Statistical Analysis
Intergroup comparisons in participant background, neuropsychological tests, and gaze analysis parameters were conducted using the Chi-squared test, Student’s t-test, and Mann–Whitney U test according to data characteristics. For intertask comparisons in gaze analysis parameters both in the patient and healthy control groups, we applied Friedman’s test followed by a multiple comparison test (Holm method) when a main effect was found between the three types of tasks. The r values for the Mann–Whitney U test and multiple comparison in Friedman’s test (Wilcoxon signed-rank test) were calculated as effect size (ES) indices.23) Spearman’s rank correlation coefficient was applied to determine the relationship between gaze analysis parameters and neuropsychological tests. All statistical analyses were conducted using EZR version 1.55 (Saitama Medical Center, Jichi Medical University Hospital, Omiya, Japan) with a significance level of 5%.
RESULTS
Brain Imaging Findings
Among the ten patients in the patient group, nine underwent head computed tomography (CT) or magnetic resonance imaging (MRI), whereas six underwent cerebral perfusion single-photon emission computed tomography (SPECT). Head CT and MRI revealed brain atrophy in eight of the nine patients and basal ganglia lesions (high MRI signal in bilateral globus pallidus) in one patient. In the six patients who underwent cerebral perfusion SPECT, cerebral hypoperfusion was observed in various regions, including the frontal lobe (one patient), frontoparietal lobe (one patient), occipital lobes (two patients), occipital–parietal–temporal lobe (one patient), and thalamus/cerebellum (one patient), all bilaterally (Table 2).

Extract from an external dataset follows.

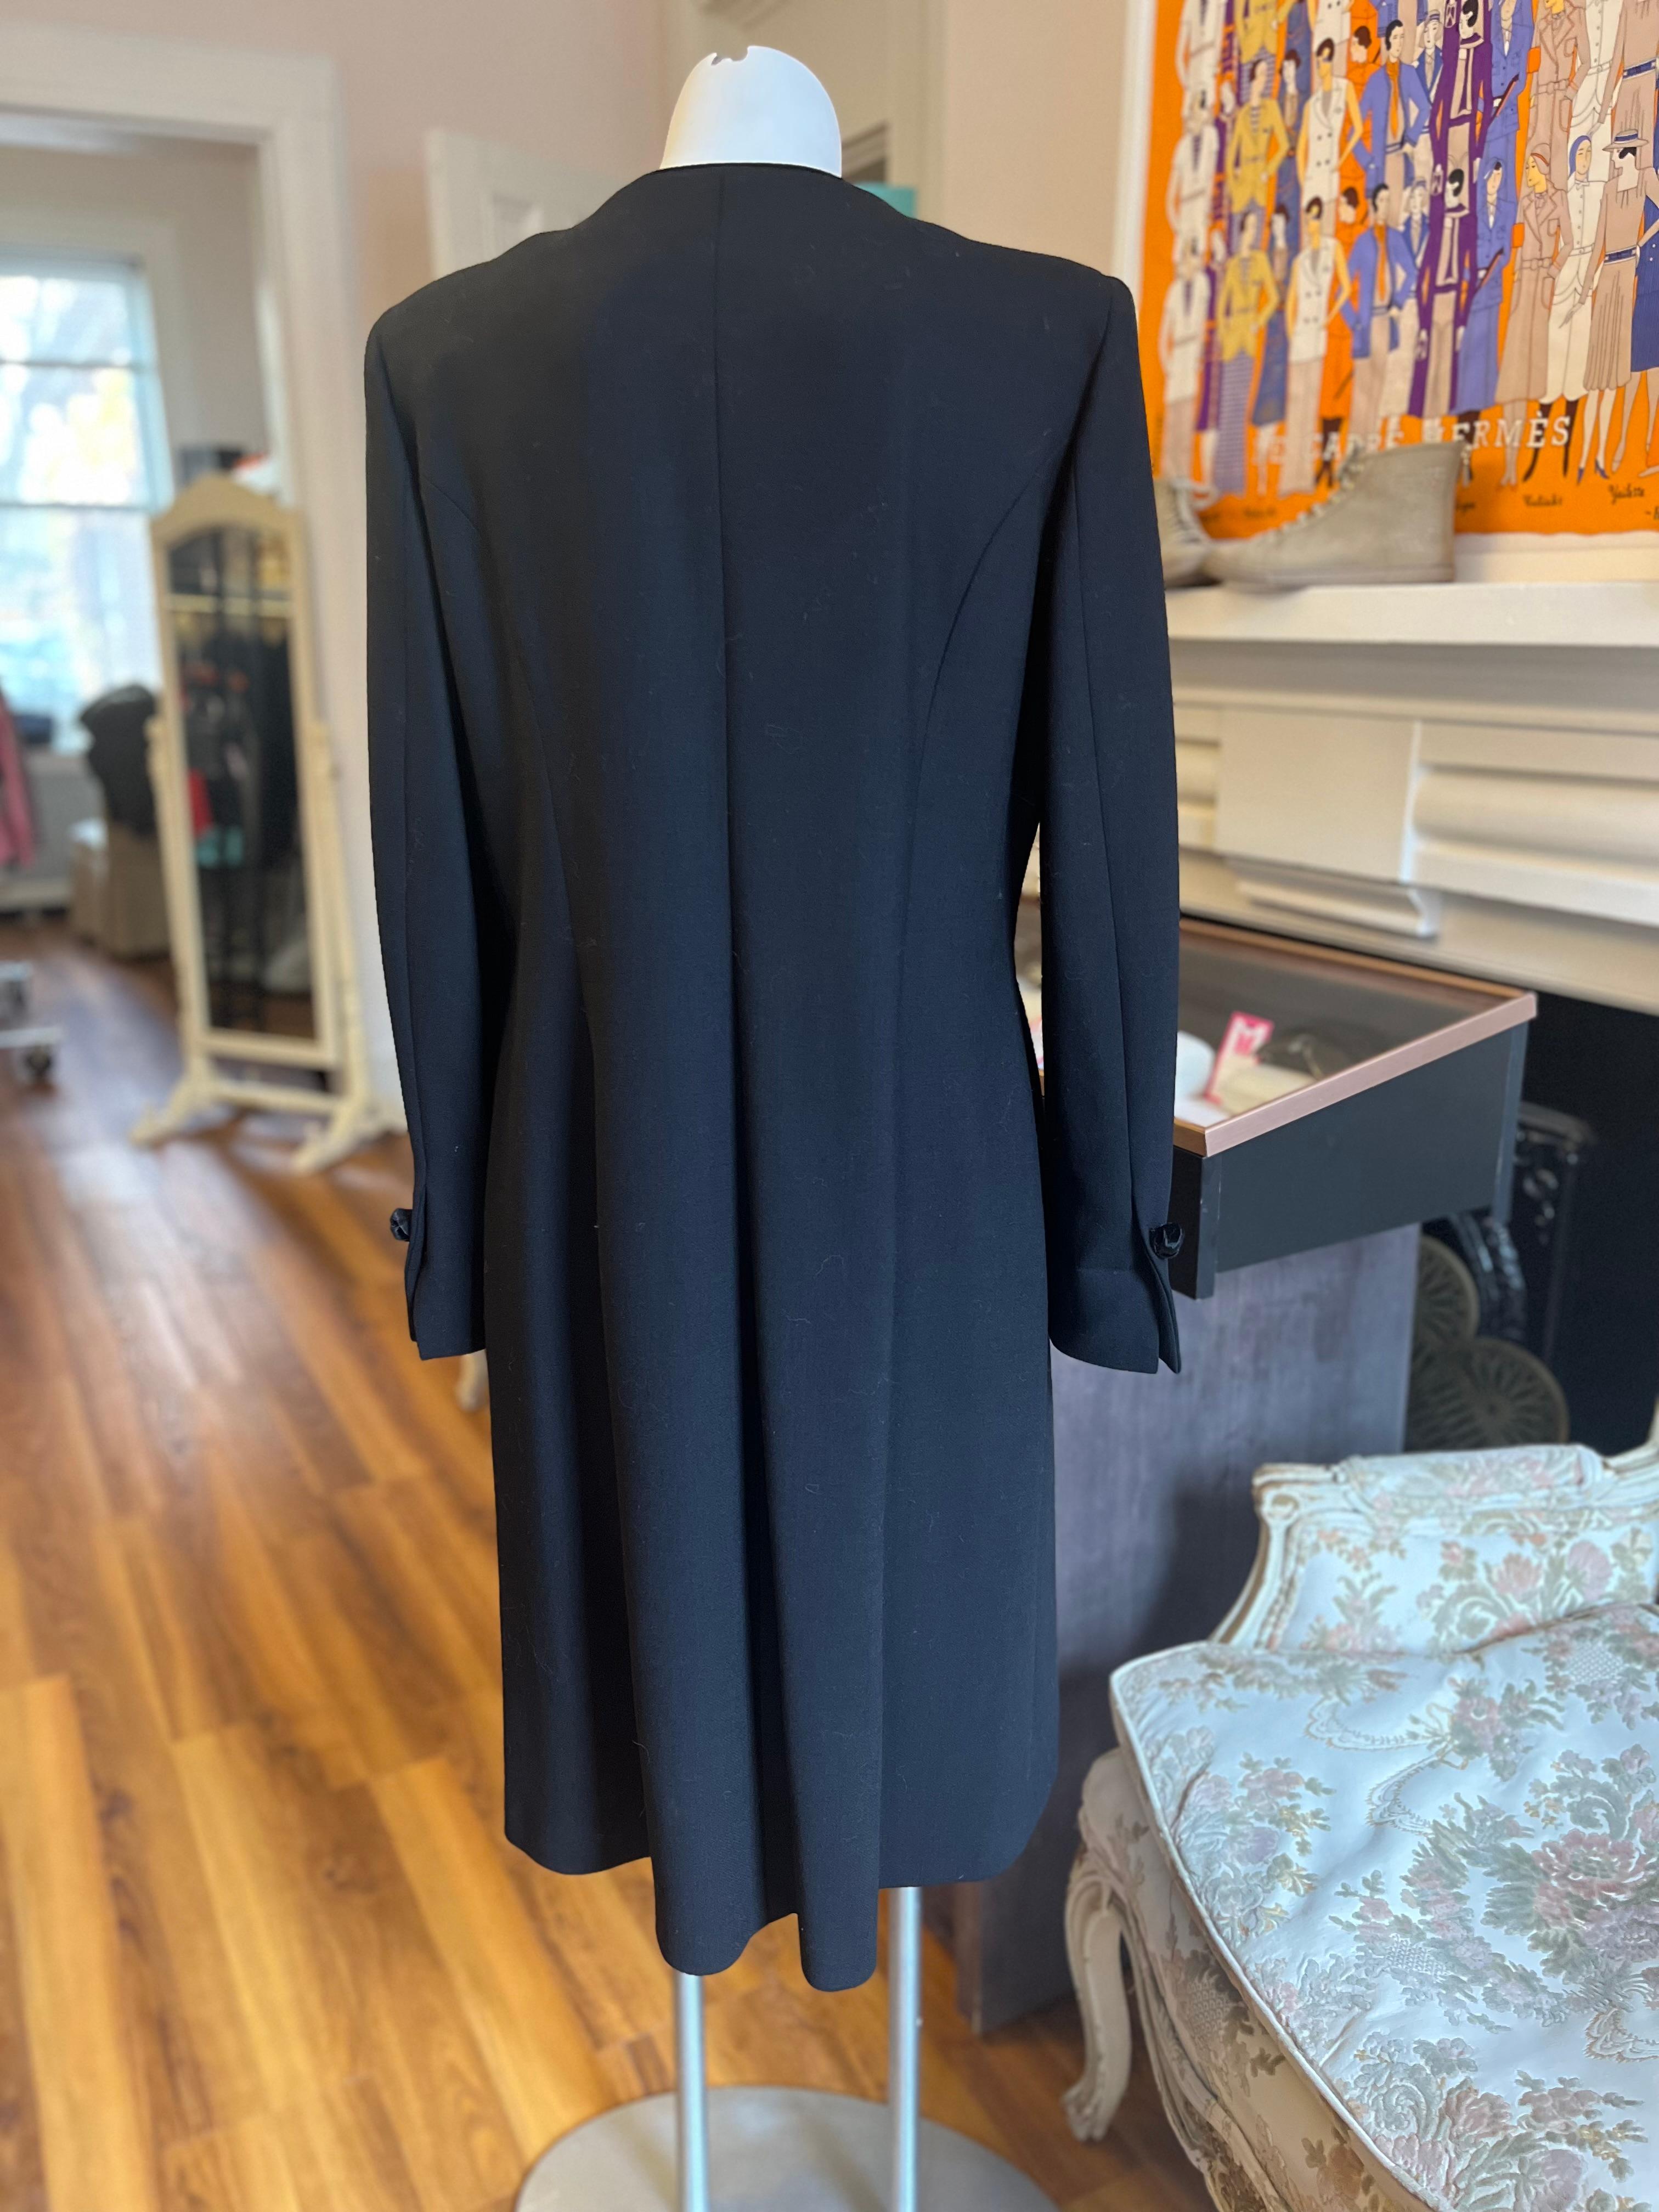 This is a Fendi 365 coat from the 1990s which is in as new condition. It is made of 75% wool 10% viscose, 10% rayon and 5% silk. The coat is trimmed with black velvet and there are ornamental velvet knot buttons, both at the front and on the cuffs.

Table 2. Brain imaging findings of patient group
Patient age, years | Factor in onset | Brain or cranial CT and MRI | Hypoperfusion in brain SPECT | |||||||
Brain atrophy | Basal ganglia lesion | Frontal lobe | Parietal lobe | Temporal lobe | Occipital lobe | Thalamus | Cerebellum | |||
20 | BFS | + | − | − | − | − | + | − | − | |
55 | BFS | + | − | − | + | + | + | − | − | |
63 | BFS | + | − | + | − | − | − | − | − | |
64 | BFS | + | − | − | − | − | + | − | − | |
67 | BFS | + | − | Not examined | ||||||
76 | BFS | + | − | + | + | − | − | − | − | |
59 | Anemia | − | + | Not examined | ||||||
72 | Anoxia | + | − | Not examined | ||||||
40 | Mixed mode | + | − | − | − | − | − | + | + | |
51 | Mixed mode | Not examined | Not examined |
Plus sign: finding was present; minus sign: finding was absent. For hypoperfusion in brain SPECT, all areas of decreased blood flow were observed bilaterally.
Neuropsychological Tests, Reaching Tests (Central and Peripheral Vision), and Visual Perceptual Abnormalities in Daily Life
Based on neuropsychological test results, the patient group exhibited a significantly poorer performance in MMSE, TMT-J Part A, TMT-J Part B, VPTA (No. 16), and ROCFT than the healthy control group (P=0.001, 0.002, 0.001, 0.035, and 0.030, respectively). No significant differences were observed in the performance of VPTA (No. 8) and reaching tests (central and peripheral vision). In addition, no participants reported any visual perception abnormalities in daily life (Table 3).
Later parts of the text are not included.